From the Mayo Center for Sleep Medicine, Departments of Neurology, and Medicine, Mayo Clinic College of Medicine and Science, Rochester, MN.
Neurology. 2019 Sep 17;93(12):e1171-e1179. doi: 10.1212/WNL.0000000000008127. Epub 2019 Aug 16.
To determine whether REM sleep without atonia (RSWA) during polysomnography (PSG) predicts phenoconversion in patients with idiopathic REM sleep behavior disorder (iRBD), a prodromal feature of a neurodegenerative disease.
We analyzed RSWA in 60 patients with iRBD, including manual phasic, tonic, and any muscle activity in the submentalis and anterior tibialis muscles and the automated REM atonia index in the submentals. We identified patients who developed parkinsonism or mild cognitive impairment (MCI) during at least 3 years of follow-up after PSG. Kaplan-Meier analysis was performed and receiver operator curves were calculated to determine RSWA cutoffs predicting faster phenoconversion.
Twenty-six (43%) patients developed parkinsonism (n = 17) or MCI (n = 9). Phenoconverters were older at iRBD diagnosis ( = 0.02). Median time to phenoconversion was 3.9 ± 2.5 years. iRBD phenoconverters had significantly more RSWA at diagnosis.

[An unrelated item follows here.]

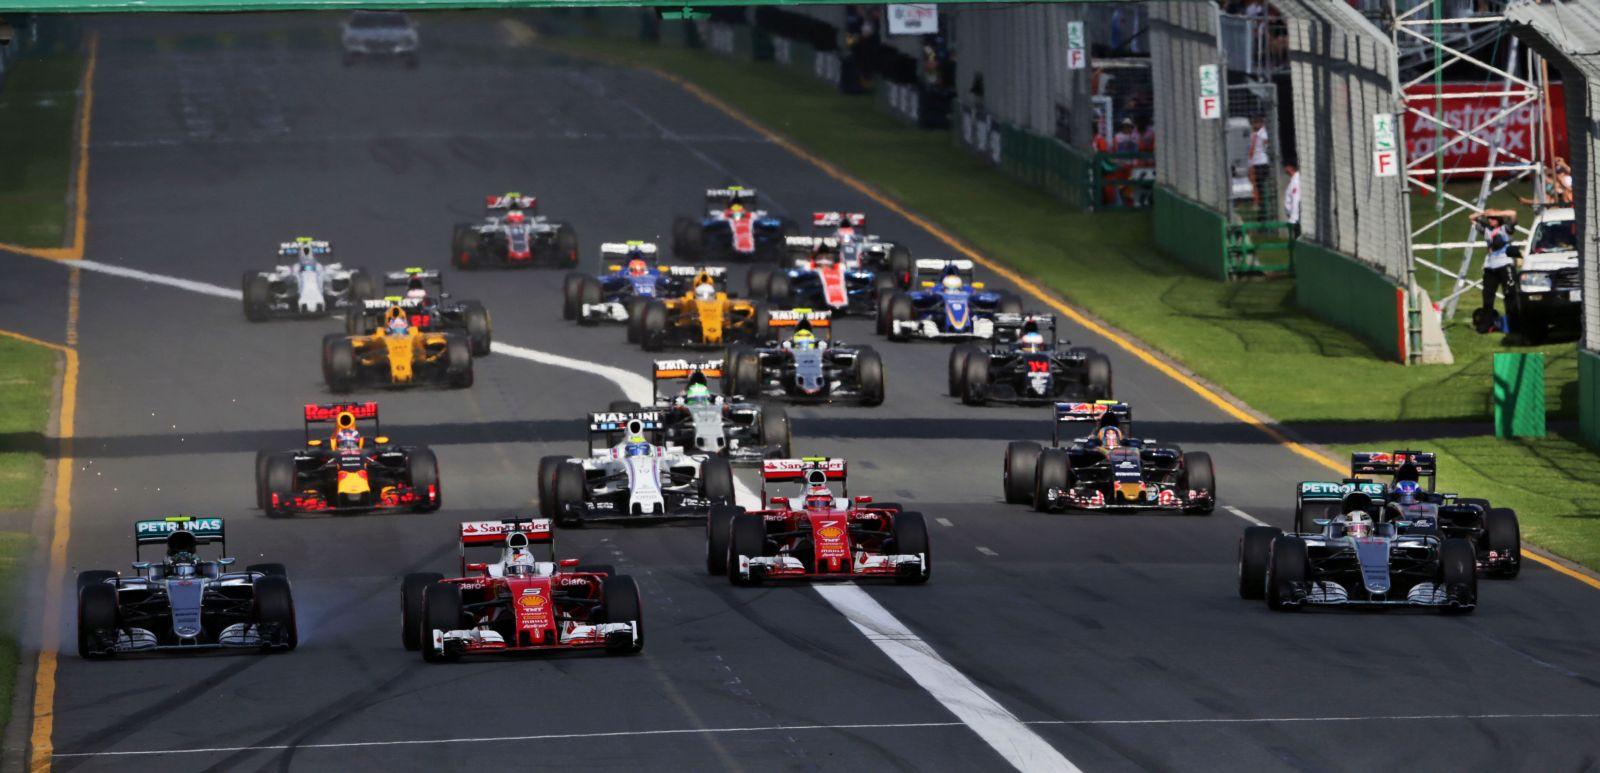 Specifičnosti prve utrke: Australija – posebna po mnogočemu
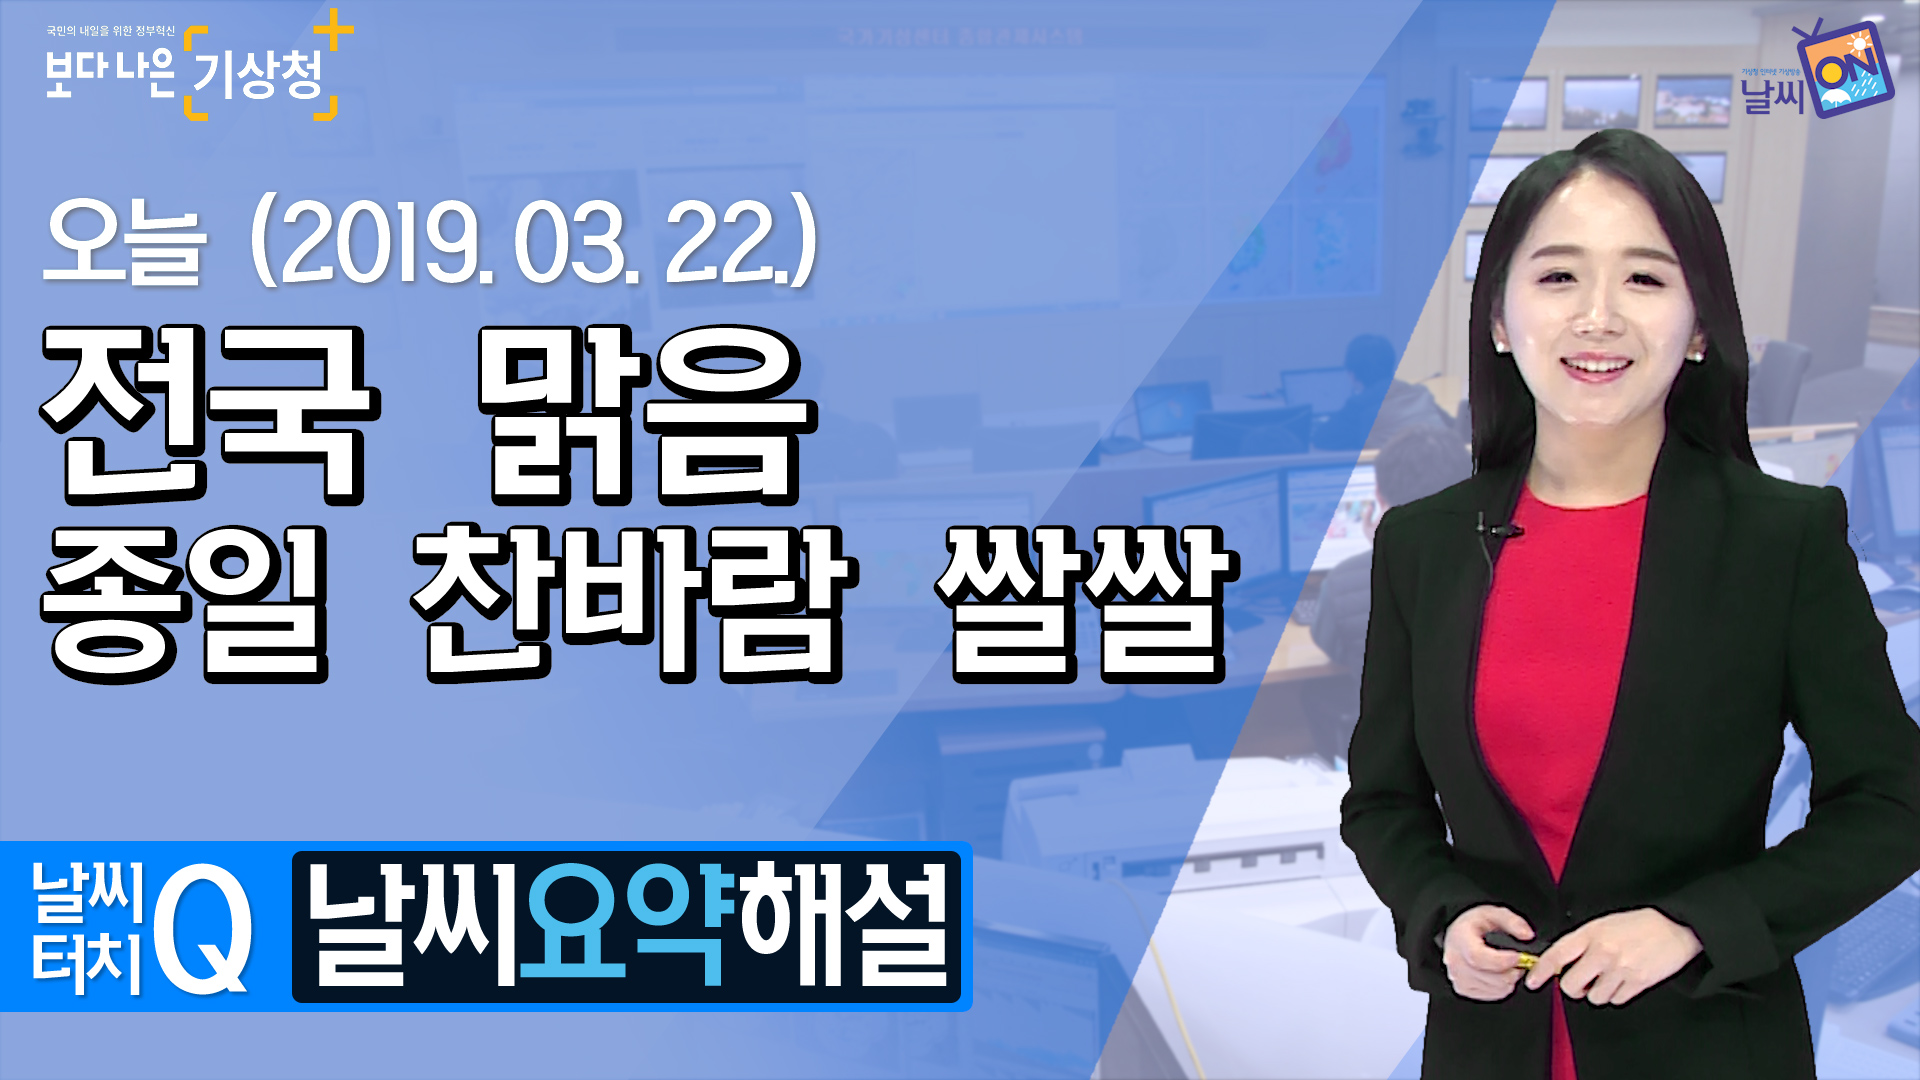 [11시] 3월 22일(금) 전국 맑음, 종일 찬바람 쌀쌀

Phenoconversion risk from iRBD diagnosis was 20% and 35% at 3 and 5 years, respectively, with greater risk in patients with iRBD with >46.4% any combined RSWA, which increased further to 30% and 55% at 3 and 5 years for patients >65 years of age at diagnosis.
Patients with iRBD with higher amounts of polysomnographic RSWA had a greater risk of developing Parkinson disease or MCI. Patients with older age and higher RSWA amounts had more rapid phenoconversion than younger patients with RBD. Our study suggests that RSWA is a potential biomarker for risk stratification of iRBD phenoconversion that could facilitate prognostication for patients with iRBD.
This study provides Class II evidence that for patients with iRBD, increased RSWA correlates with increased risk for developing parkinsonism or MCI.
确定多导睡眠图(PSG)中 REM 睡眠无张力(RSWA)是否可预测特发性 REM 睡眠行为障碍(iRBD)患者的表型转化,后者是神经退行性疾病的前驱特征。
我们分析了 60 例 iRBD 患者的 RSWA,包括手动相位、强直性和颏下肌和胫骨前肌的任何肌肉活动以及颏下肌的自动 REM 弛缓指数。我们确定了在 PSG 后至少 3 年的随访期间出现帕金森病或轻度认知障碍(MCI)的患者。进行了 Kaplan-Meier 分析,并计算了受试者工作特征曲线,以确定预测更快表型转化的 RSWA 截断值。
26 例(43%)患者出现帕金森病(n=17)或 MCI(n=9)。表型转化者的 iRBD 诊断年龄较大(P=0.02)。中位表型转化时间为 3.9±2.5 年。iRBD 表型转化者的 RSWA 在诊断时显著更高。从 iRBD 诊断开始,表型转化的风险分别为 20%和 35%,在诊断时年龄>65 岁的患者中风险更大,其任何联合 RSWA 均>46.4%,进一步增加到 3 年和 5 年时的 30%和 55%。
iRBD 患者的 PSG RSWA 越多,患帕金森病或 MCI 的风险越大。年龄较大和 RSWA 较高的患者比年轻的 RBD 患者表型转化更快。我们的研究表明,RSWA 是 iRBD 表型转化风险分层的潜在生物标志物,可促进 iRBD 患者的预后。
这项研究提供了 II 级证据,表明对于 iRBD 患者,RSWA 增加与发生帕金森病或 MCI 的风险增加相关。